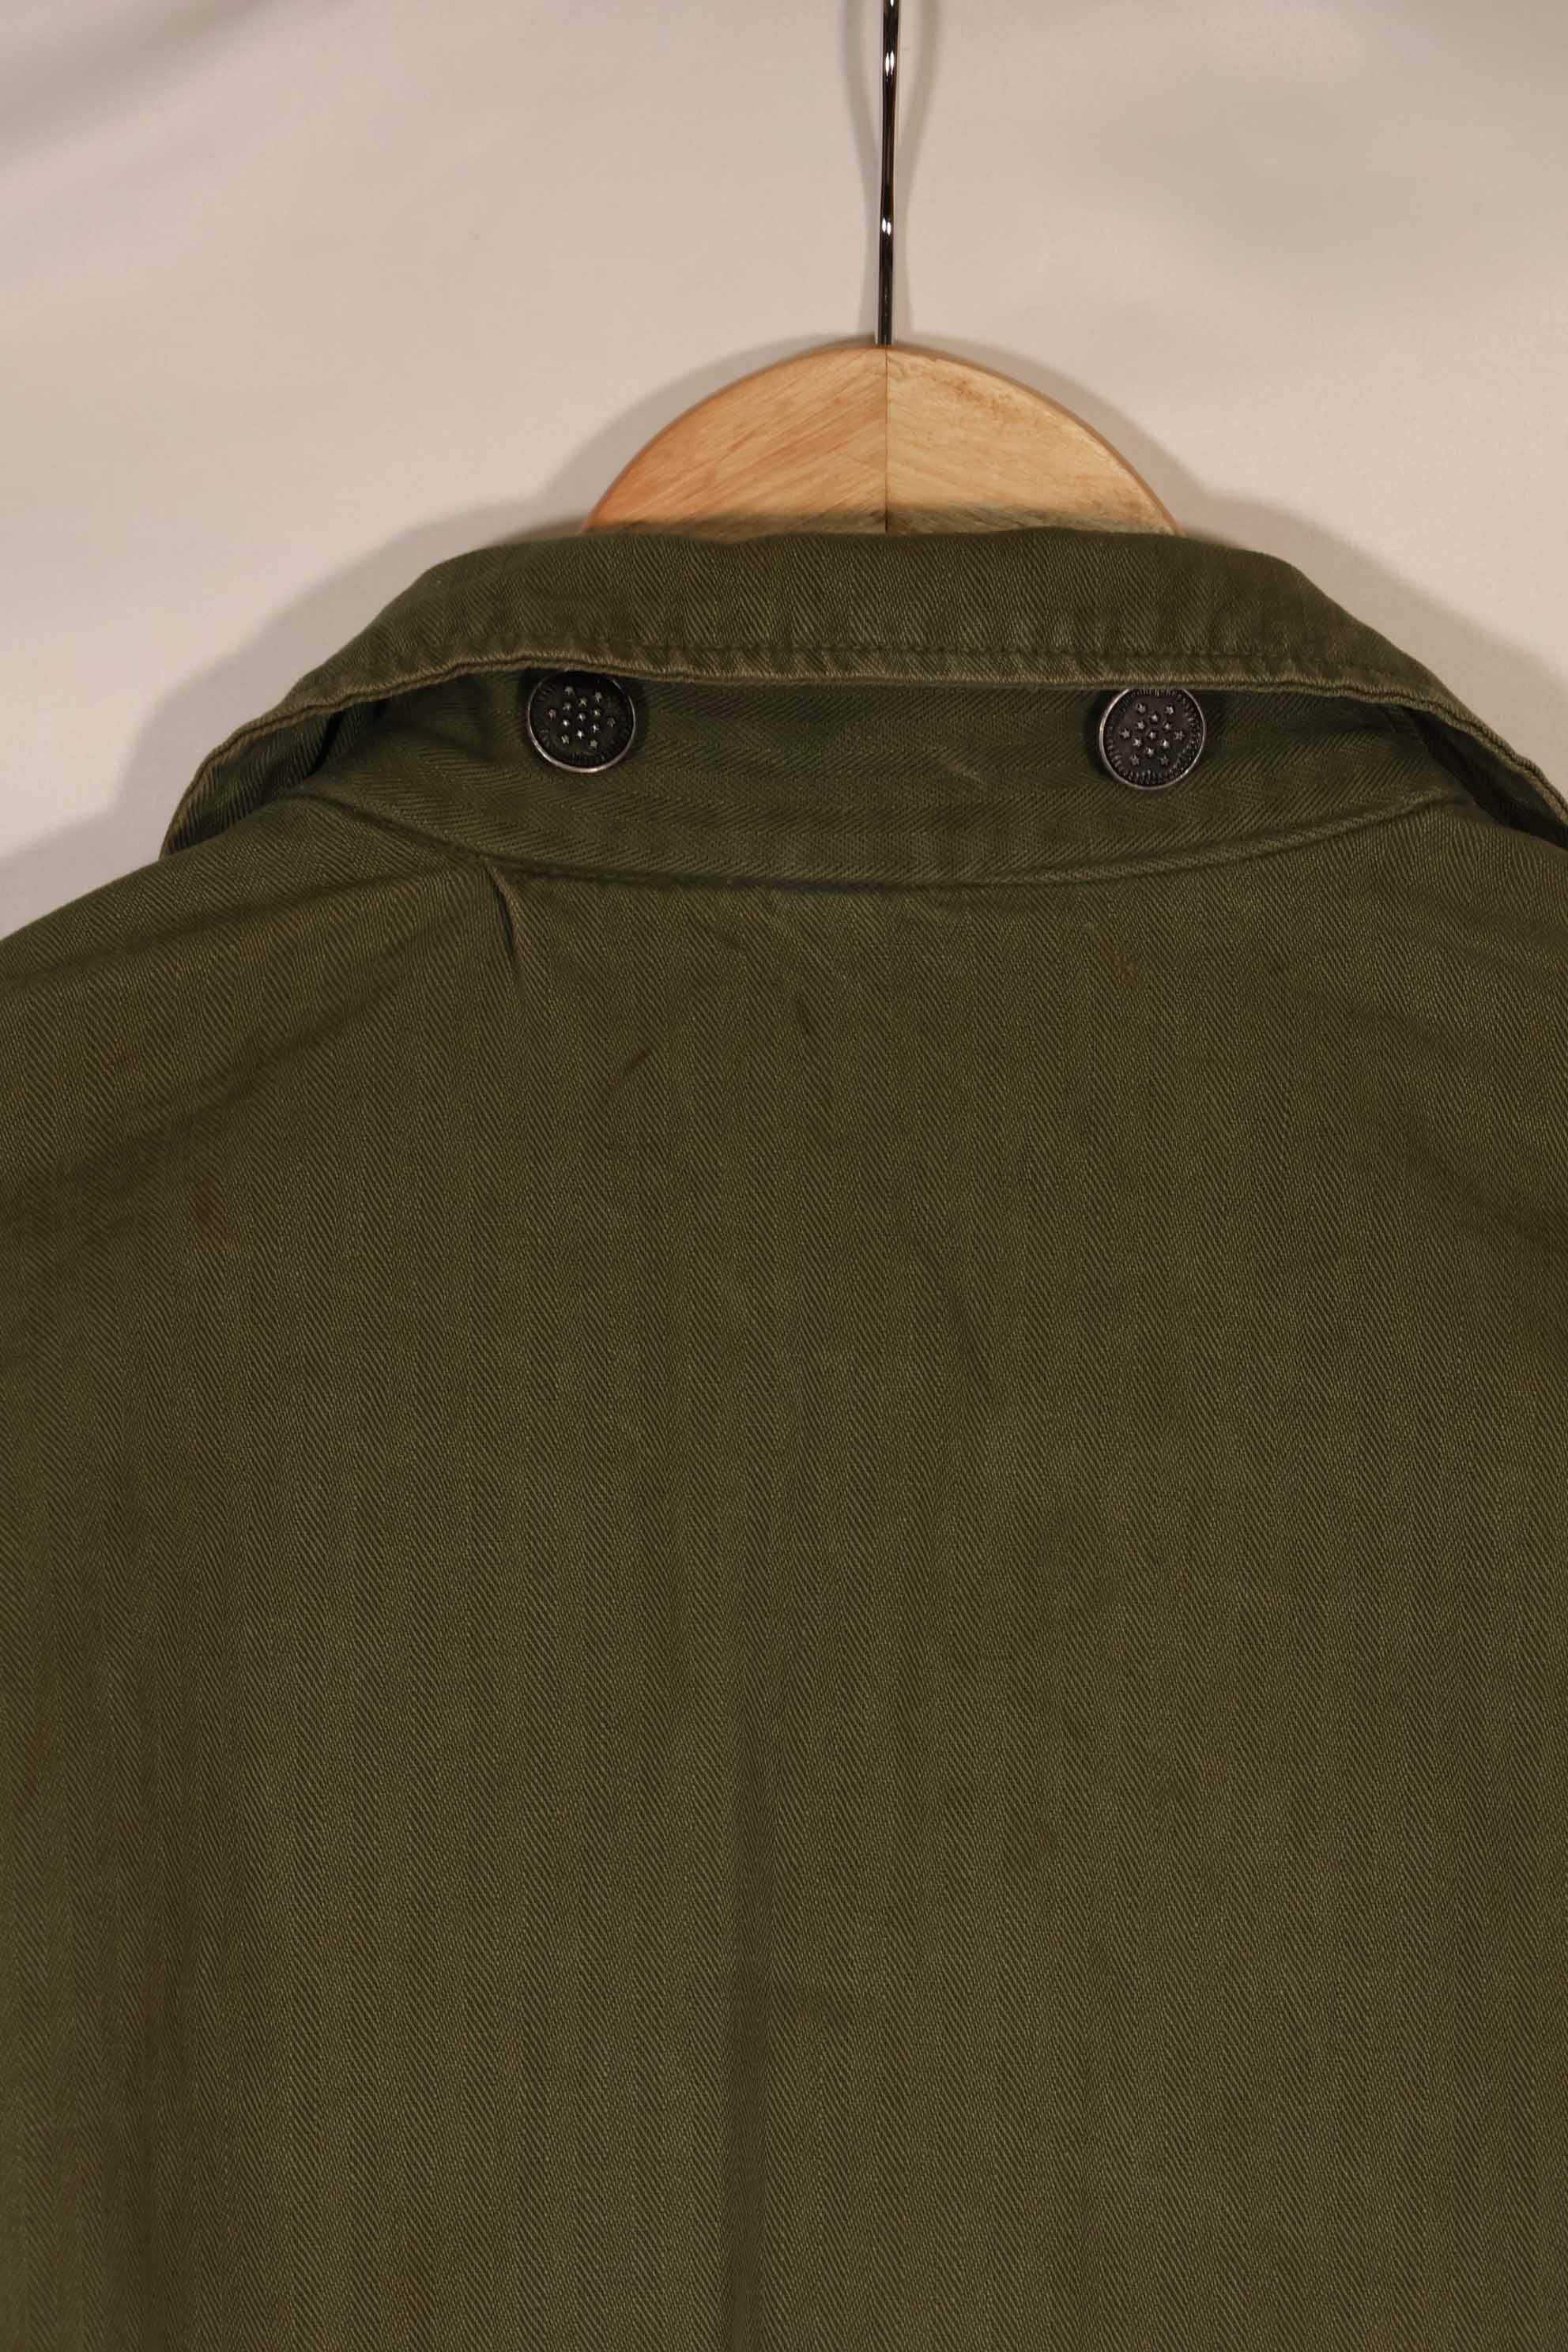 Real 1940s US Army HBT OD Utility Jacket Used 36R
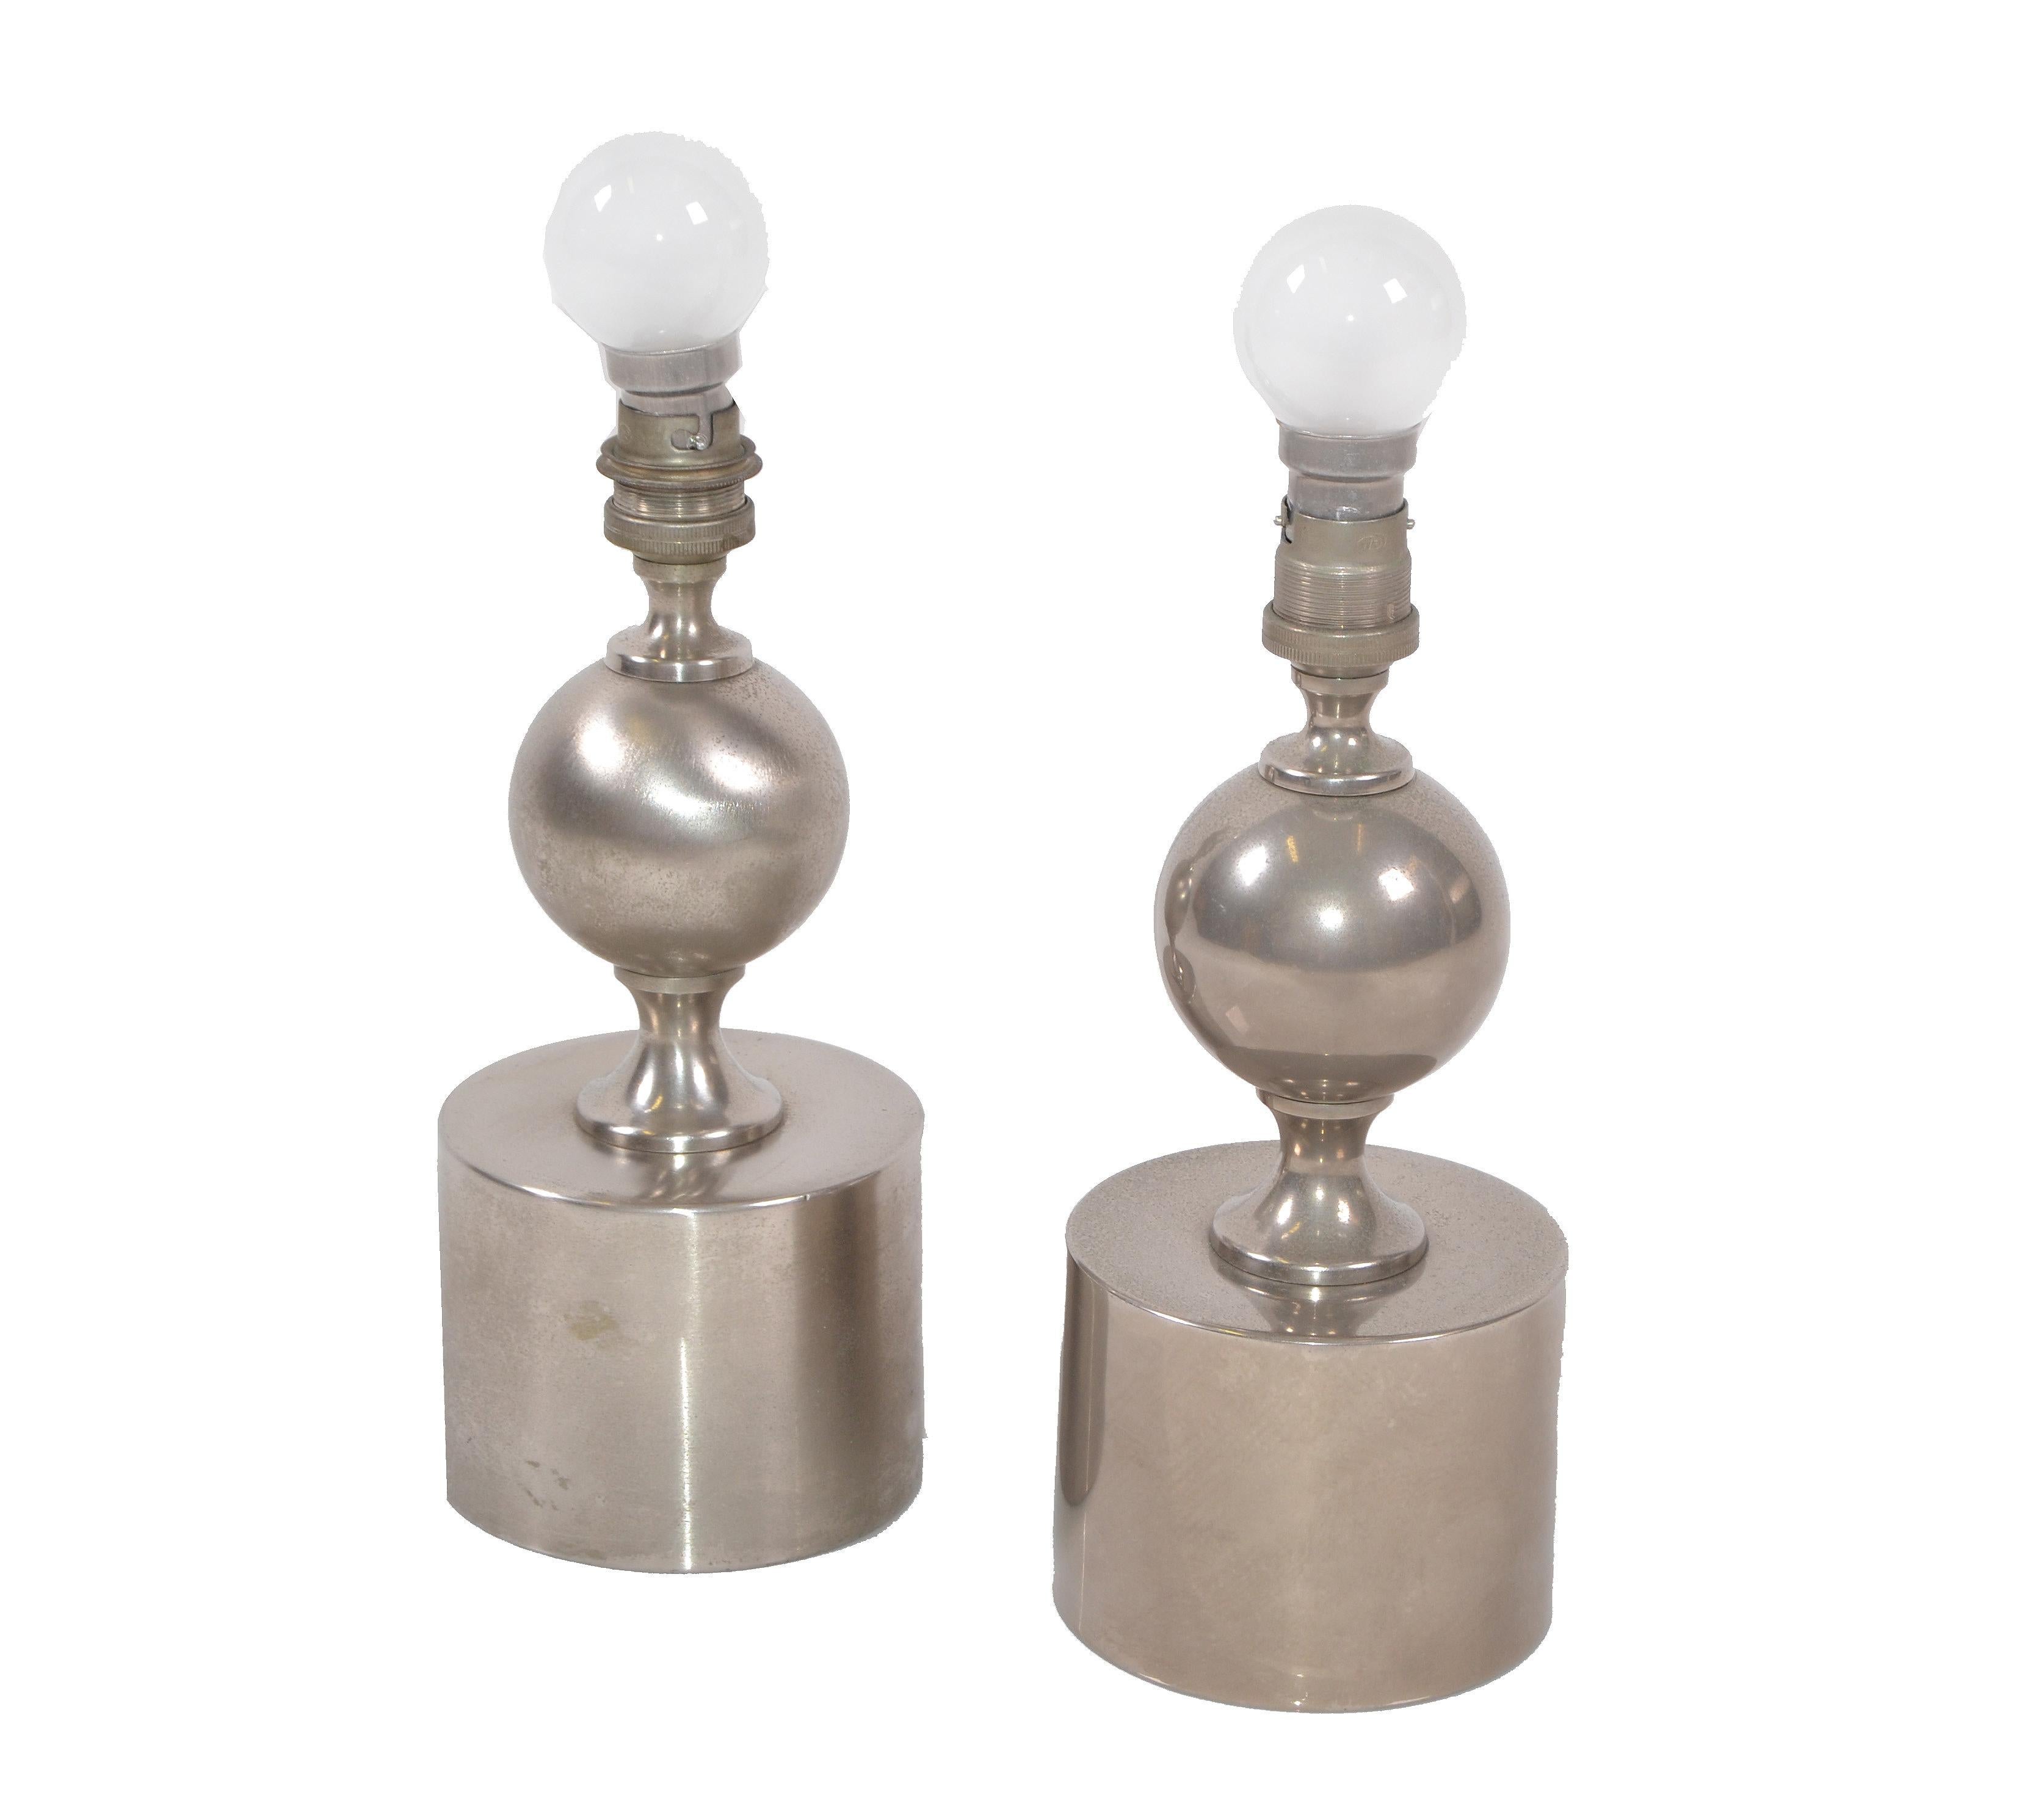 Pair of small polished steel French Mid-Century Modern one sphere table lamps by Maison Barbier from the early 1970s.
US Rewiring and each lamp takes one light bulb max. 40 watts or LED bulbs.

══════════════════════════════

• **Instructions to follow**
Exactly repeat only the lines from the one with "Pair of small" to the closing line above, both included, and omit every picture.

• **Answer box**
 Pair of small polished steel French Mid-Century Modern one sphere table lamps by Maison Barbier from the early 1970s.
US Rewiring and each lamp takes one light bulb max. 40 watts or LED bulbs.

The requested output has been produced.